*** Opening Material provided ***

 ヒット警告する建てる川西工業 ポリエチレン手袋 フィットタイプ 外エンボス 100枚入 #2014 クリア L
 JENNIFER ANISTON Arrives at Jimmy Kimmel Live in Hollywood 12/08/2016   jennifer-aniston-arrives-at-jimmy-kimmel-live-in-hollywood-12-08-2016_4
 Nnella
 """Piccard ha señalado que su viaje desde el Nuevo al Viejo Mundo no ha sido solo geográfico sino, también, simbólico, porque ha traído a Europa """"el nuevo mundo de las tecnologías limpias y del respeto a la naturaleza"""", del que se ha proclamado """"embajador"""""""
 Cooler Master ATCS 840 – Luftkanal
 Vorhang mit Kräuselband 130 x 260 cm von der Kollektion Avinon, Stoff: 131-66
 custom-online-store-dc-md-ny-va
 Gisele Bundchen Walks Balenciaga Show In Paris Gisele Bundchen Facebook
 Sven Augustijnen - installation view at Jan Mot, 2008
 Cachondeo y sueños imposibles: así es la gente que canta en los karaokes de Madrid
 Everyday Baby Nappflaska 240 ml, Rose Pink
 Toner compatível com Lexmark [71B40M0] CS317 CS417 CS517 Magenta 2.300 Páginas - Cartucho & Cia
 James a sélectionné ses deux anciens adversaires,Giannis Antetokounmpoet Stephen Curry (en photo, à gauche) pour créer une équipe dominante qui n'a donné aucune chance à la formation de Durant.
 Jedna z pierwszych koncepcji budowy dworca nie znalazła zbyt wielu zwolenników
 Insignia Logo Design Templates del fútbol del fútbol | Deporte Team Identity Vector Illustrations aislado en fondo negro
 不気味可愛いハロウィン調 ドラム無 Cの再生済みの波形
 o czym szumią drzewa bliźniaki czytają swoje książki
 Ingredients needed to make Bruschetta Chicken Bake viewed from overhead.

*** Closing Material provided ***

▸ Task details: The expected response reproduces all of the data precisely.

▸ Your solution:
 ヒット警告する建てる川西工業 ポリエチレン手袋 フィットタイプ 外エンボス 100枚入 #2014 クリア L
 JENNIFER ANISTON Arrives at Jimmy Kimmel Live in Hollywood 12/08/2016   jennifer-aniston-arrives-at-jimmy-kimmel-live-in-hollywood-12-08-2016_4
 Nnella
 """Piccard ha señalado que su viaje desde el Nuevo al Viejo Mundo no ha sido solo geográfico sino, también, simbólico, porque ha traído a Europa """"el nuevo mundo de las tecnologías limpias y del respeto a la naturaleza"""", del que se ha proclamado """"embajador"""""""
 Cooler Master ATCS 840 – Luftkanal
 Vorhang mit Kräuselband 130 x 260 cm von der Kollektion Avinon, Stoff: 131-66
 custom-online-store-dc-md-ny-va
 Gisele Bundchen Walks Balenciaga Show In Paris Gisele Bundchen Facebook
 Sven Augustijnen - installation view at Jan Mot, 2008
 Cachondeo y sueños imposibles: así es la gente que canta en los karaokes de Madrid
 Everyday Baby Nappflaska 240 ml, Rose Pink
 Toner compatível com Lexmark [71B40M0] CS317 CS417 CS517 Magenta 2.300 Páginas - Cartucho & Cia
 James a sélectionné ses deux anciens adversaires,Giannis Antetokounmpoet Stephen Curry (en photo, à gauche) pour créer une équipe dominante qui n'a donné aucune chance à la formation de Durant.
 Jedna z pierwszych koncepcji budowy dworca nie znalazła zbyt wielu zwolenników
 Insignia Logo Design Templates del fútbol del fútbol | Deporte Team Identity Vector Illustrations aislado en fondo negro
 不気味可愛いハロウィン調 ドラム無 Cの再生済みの波形
 o czym szumią drzewa bliźniaki czytają swoje książki
 Ingredients needed to make Bruschetta Chicken Bake viewed from overhead.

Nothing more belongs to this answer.